(What is required) From the first line to the last, set down the material exactly and drop every picture.

(Source data)
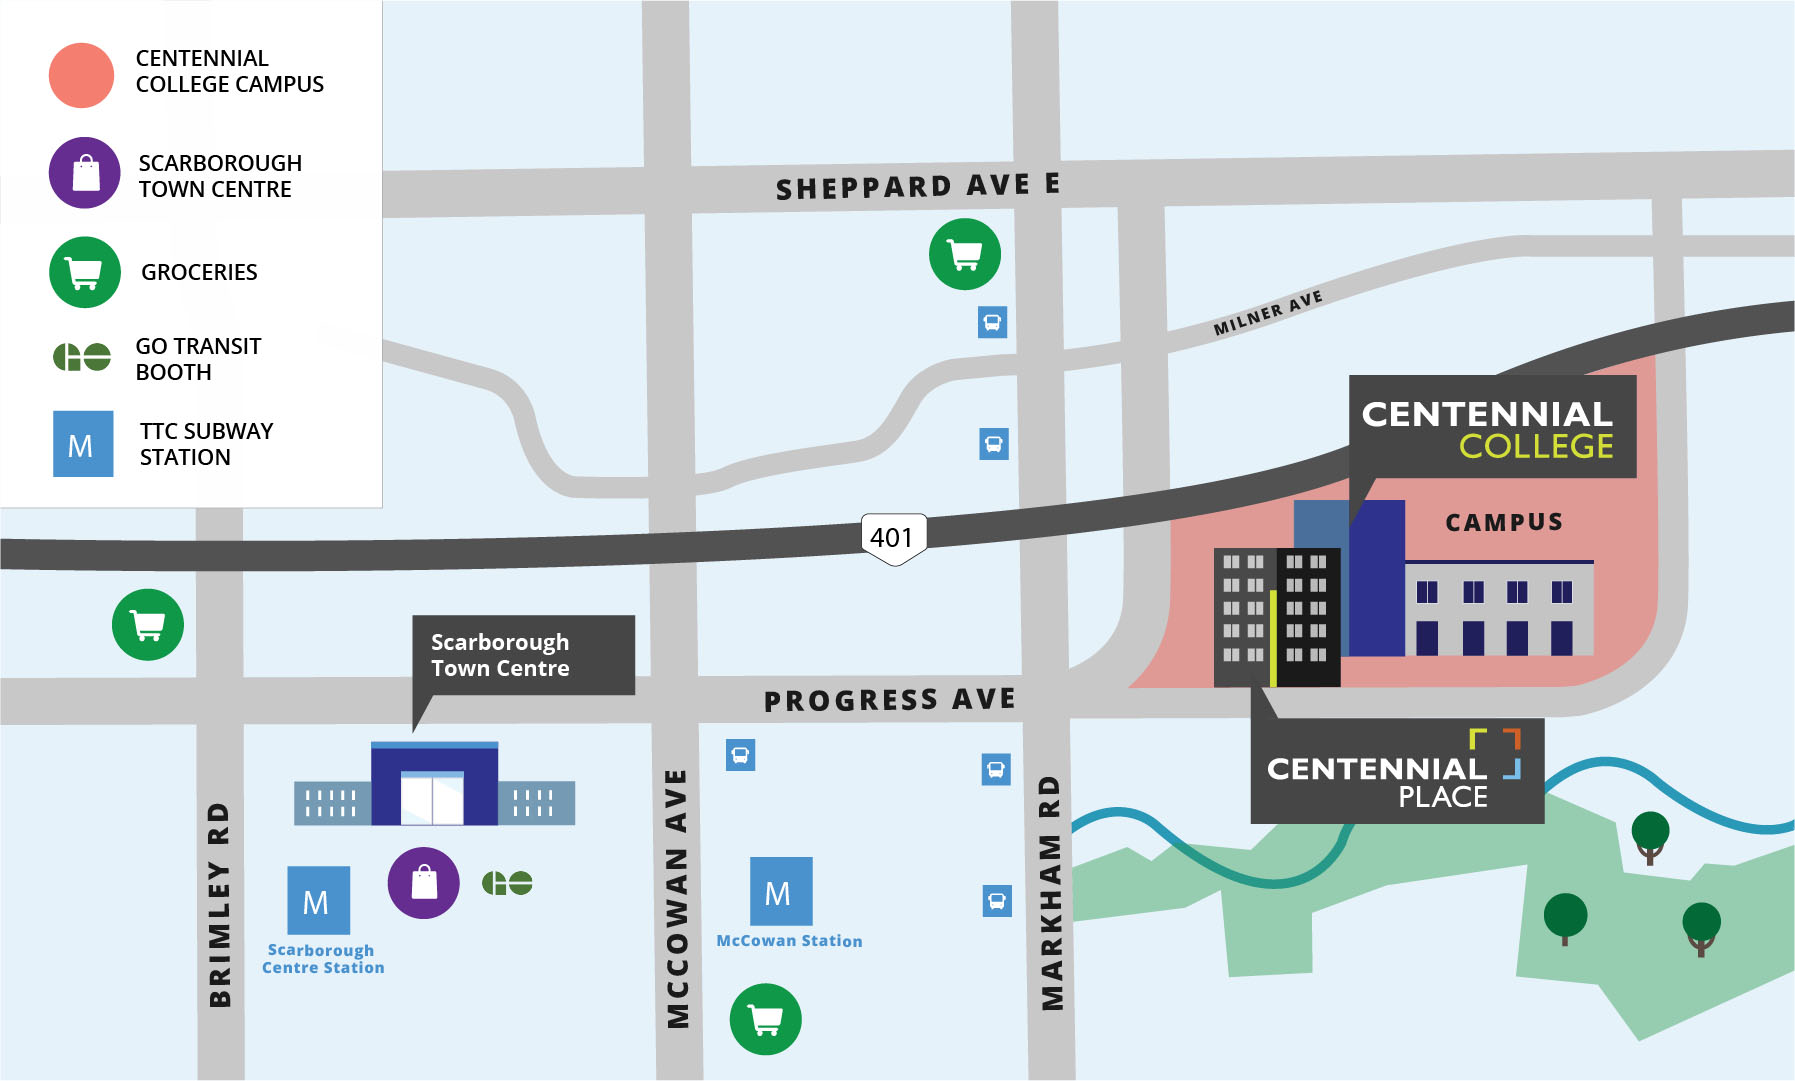 Centennial Place location map. Student living on Centennial College campus in Scarborough.
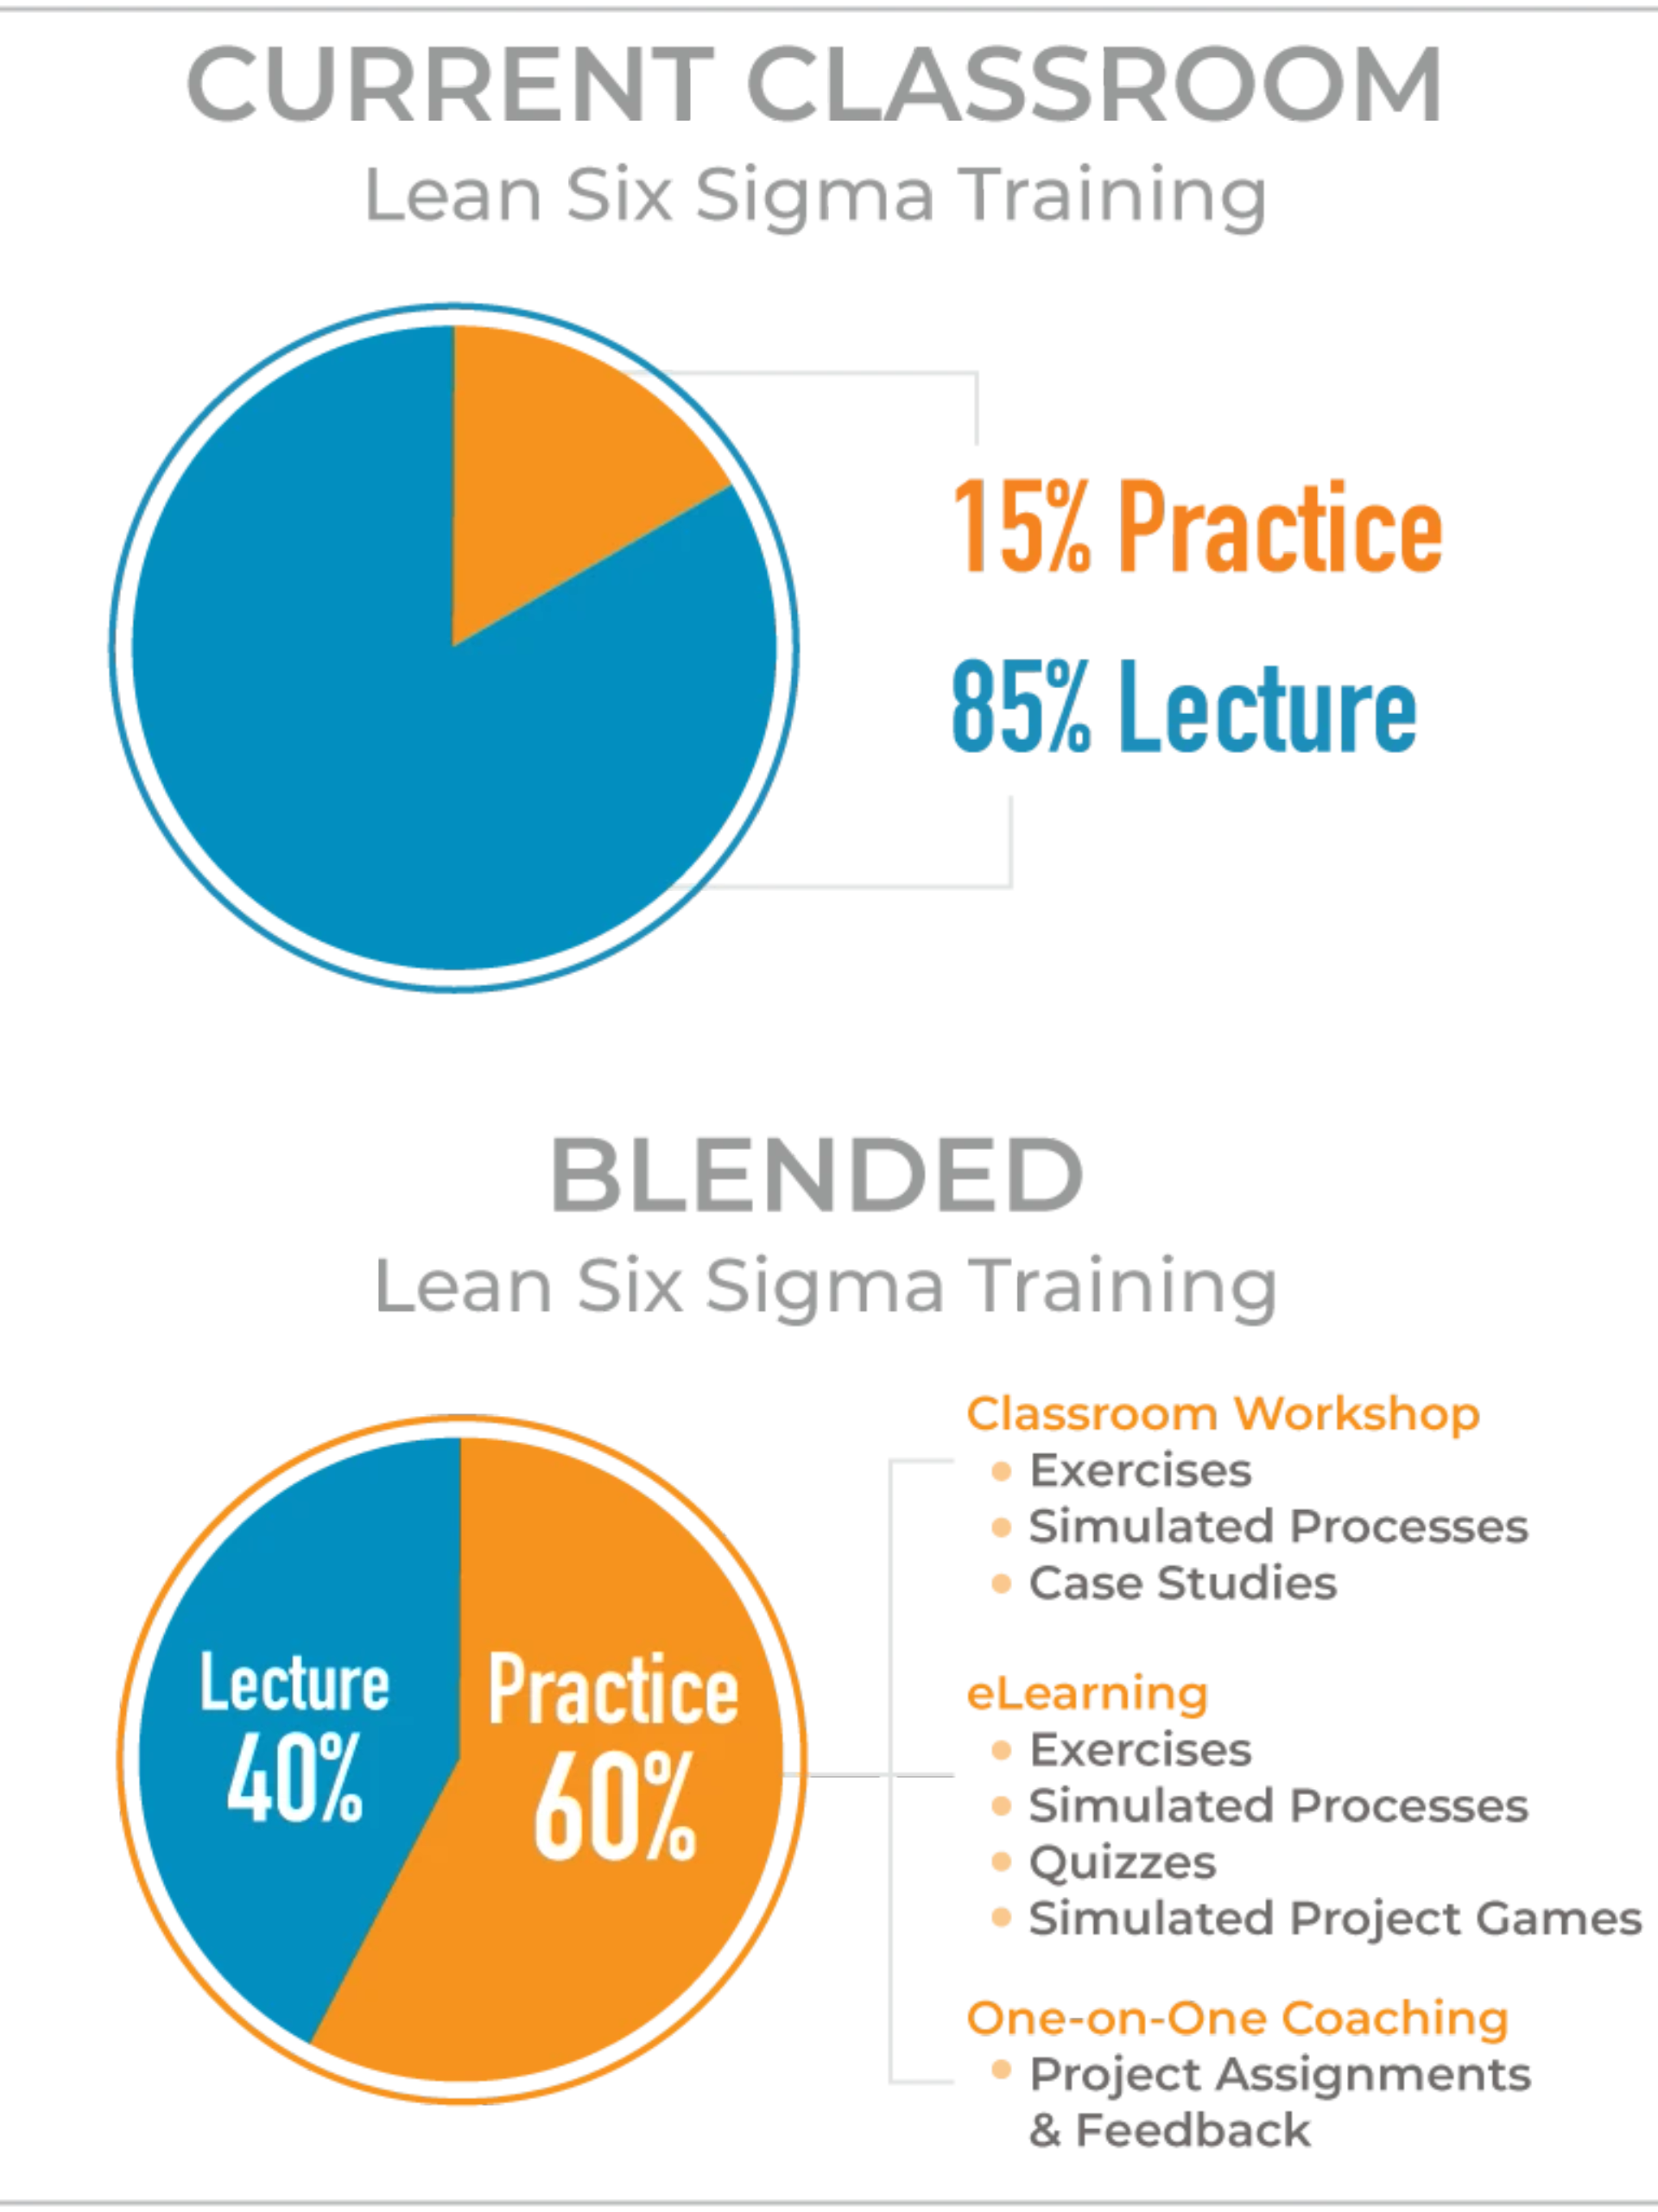 current classroom = 15% practice and 85% lecture. Blended training = 40% lecture and 60% practice
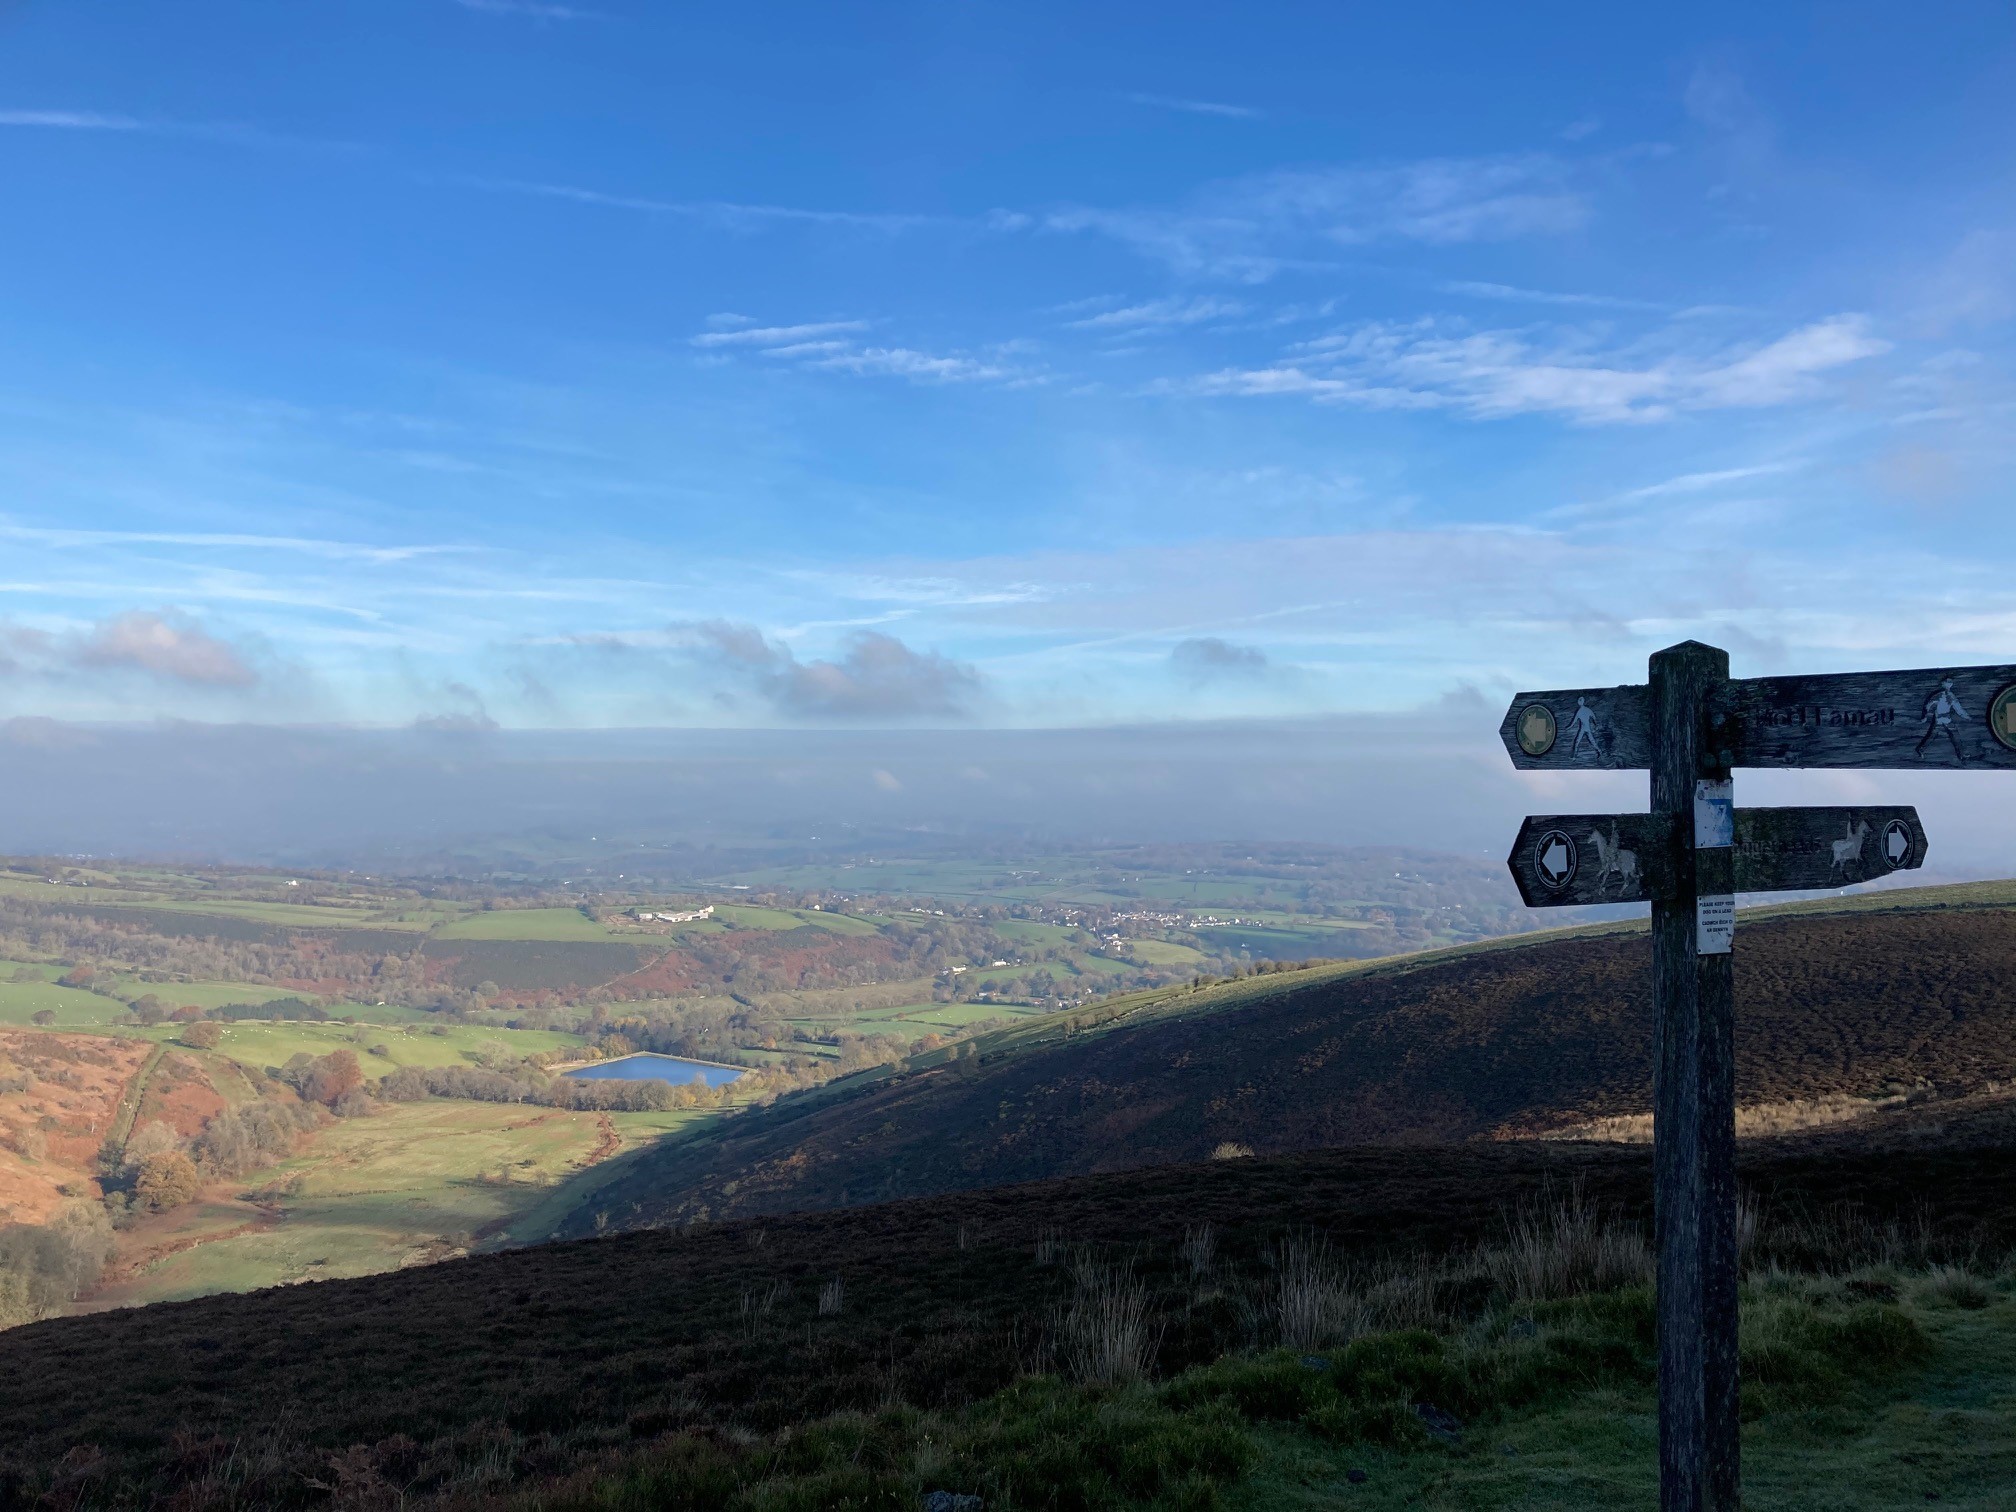 Scene from the Cilcain - Moel Famau walk. Photo courtesy of Flintshire County Council

(Written solution)
 Centennial Place location map. Student living on Centennial College campus in Scarborough.
 current classroom = 15% practice and 85% lecture. Blended training = 40% lecture and 60% practice
 Scene from the Cilcain - Moel Famau walk. Photo courtesy of Flintshire County Council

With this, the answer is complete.